No, as Hirka points out, all the THC is extracted from the plant with butter, under heat. I had a friend that used to make butter by the pound and store it in his freezer. All the leafy material is discarded before it goes in the oven.

I’ve never done it (not being a fan of the pot high, alas) but it was frequently used as a seasoning in pasghetti sauce by some of my acquaintances in the 80’s

I have no idea how or if boiling in tomato sauce will extract the target compound or if they were getting high because they expected to get high. They did claim it was quite tasty, however.

I used to do this, back in the (long-passed) days when I had garbage bags full of schwag sitting around.

The product is more properly “ghee” (purified butter.) THC is soluble in fat, and insoluble in water.

I always had lots of it to spare - and never once did I make brownies. I guess the closest I ever came to that was a chocolate génoise. More common baking was pound cake, or cookies.

More common than that was just stirring some into a regular recipe near the end of the cooking process - stir fry, curry, whatever. (High heat is actually destructive to THC, so this afforded more bhang for the buck.)

I also used to like to make hot cocoa, just starting with ghee, then adding powder ingredients, slowly stirring in cream, and a tiny little bit of chili. Yum.

Thanks to all. I think I knew that you couldn’t just eat it, but had no idea why.

My sheltered life will most likely continue for the forseeable future, but if and when legalization occurs, you can put me down for a box of those special granola cookies. :cool:

Hashish Fudge, actually:
The Alice B. Toklas Cookbook

Cecil’s take: Alice B. Toklas brownies: the recipe!

Like Hirka and a few others already said, it’s because the THC can be extracted using butter.

Definitely not just brownies being made, although it is common. Chocolate truffles are too. Not like I would know anything about that. OK, maybe I bit one once in band camp or something, but I ummm, didn’t swallow!

And milk can be made to wash them down. Mmmmm.

The Girl Guides will be selling them door to door…

I once heard a story about pot peanut butter cups, which just sounds brilliant to me. You could put rat poison in peanut butter cups and they will still be delicious.

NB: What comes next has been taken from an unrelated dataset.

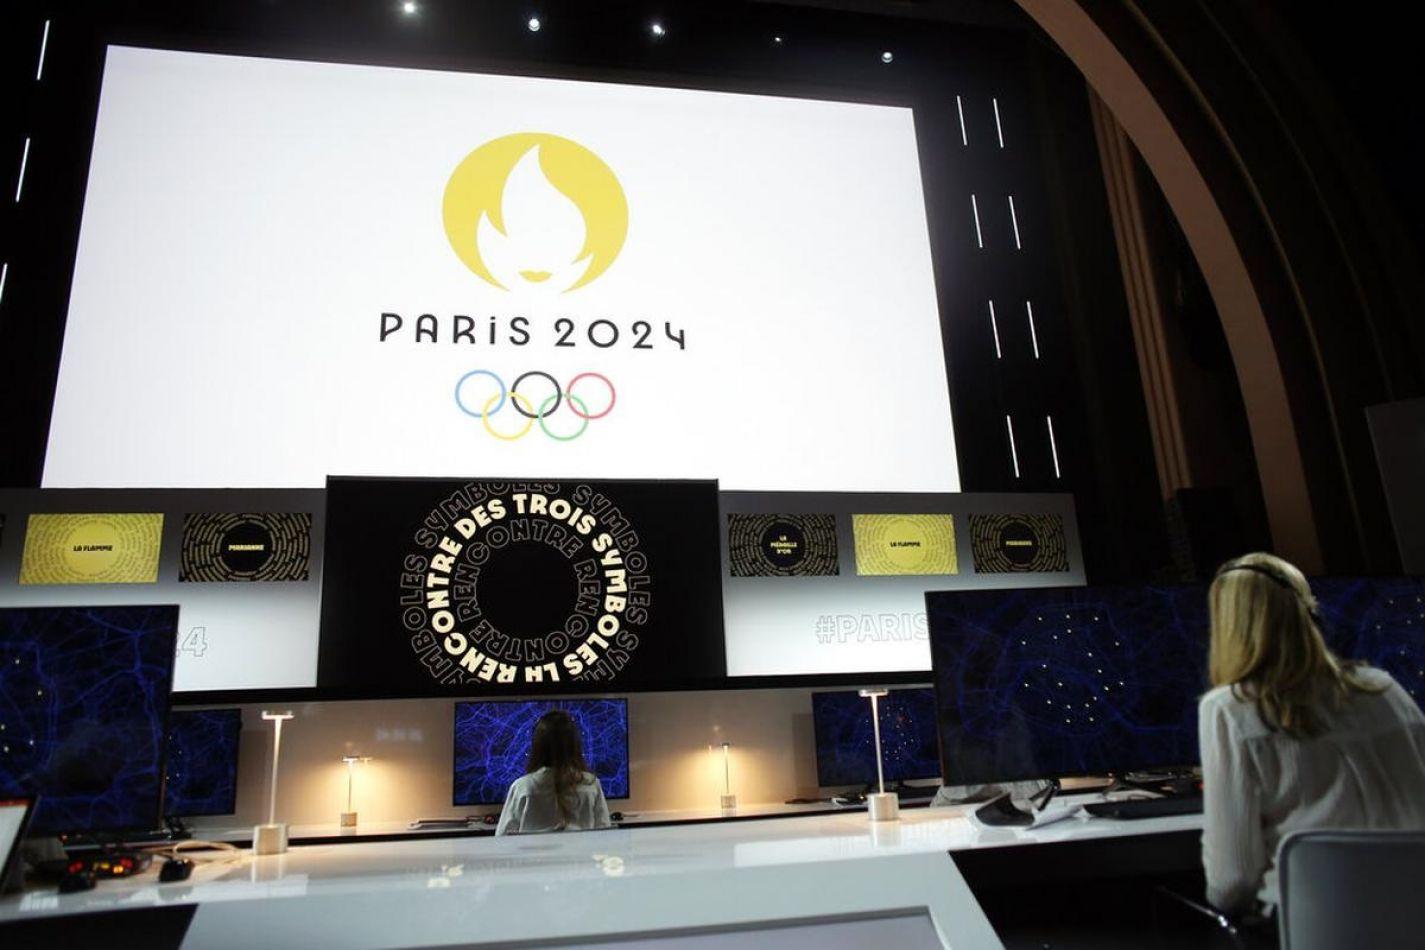 Presentaron el logo de los Juegos Olímpicos París 2024

We’ve got a cousin who once put it in the stuffing for the Thanksgiving turkey. Several of our elderly aunts and our Great-Grandmother ate the leftovers, claimed it was the best stuffing they’d ever had, and asked her for the recipe. She told them the one on the back of the Pepperidge Farm bag (circa 1977-ish), and claimed she added Parsley and doubled the butter. They all tried it, said it wasn’t as good as Cousin’s, but it was really good. Hell, the addition of butter alone would have improved that family recipe.

I didn’t partake, since I despise all forms of turkey stuffing, but I did get to watch The Midnight Special with a couple of old women that night. Grandma thought Freddy Mercury was a nice looking young man with a lovely voice, and Aunt B was afterwards known to sing “Scaramouche, scaramouche can you do the Fandango, hum, hum, hum, Bolt of lightening . . .” while hanging out the wash. :smiley:

I have a cookbook with about 40 recipes of all sorts of things made with pot- pot roast (no pun intended), spaghetti, all manner of baked goods, etc. I keep it in my kitcsh book collection, along with my holy bible and 1920’s child-rearing guides.

I’ve seen some recipes for many baked goods, usually a fat component in combination with a sweet component. They all featured a butter or oil infused with the “active ingredient”, very much like infusing herbs at a slow simmer in a clarified butter or olive oil. This was then used as an induction into the final food. It seems like this method was always recommended from these peculiar culinarians.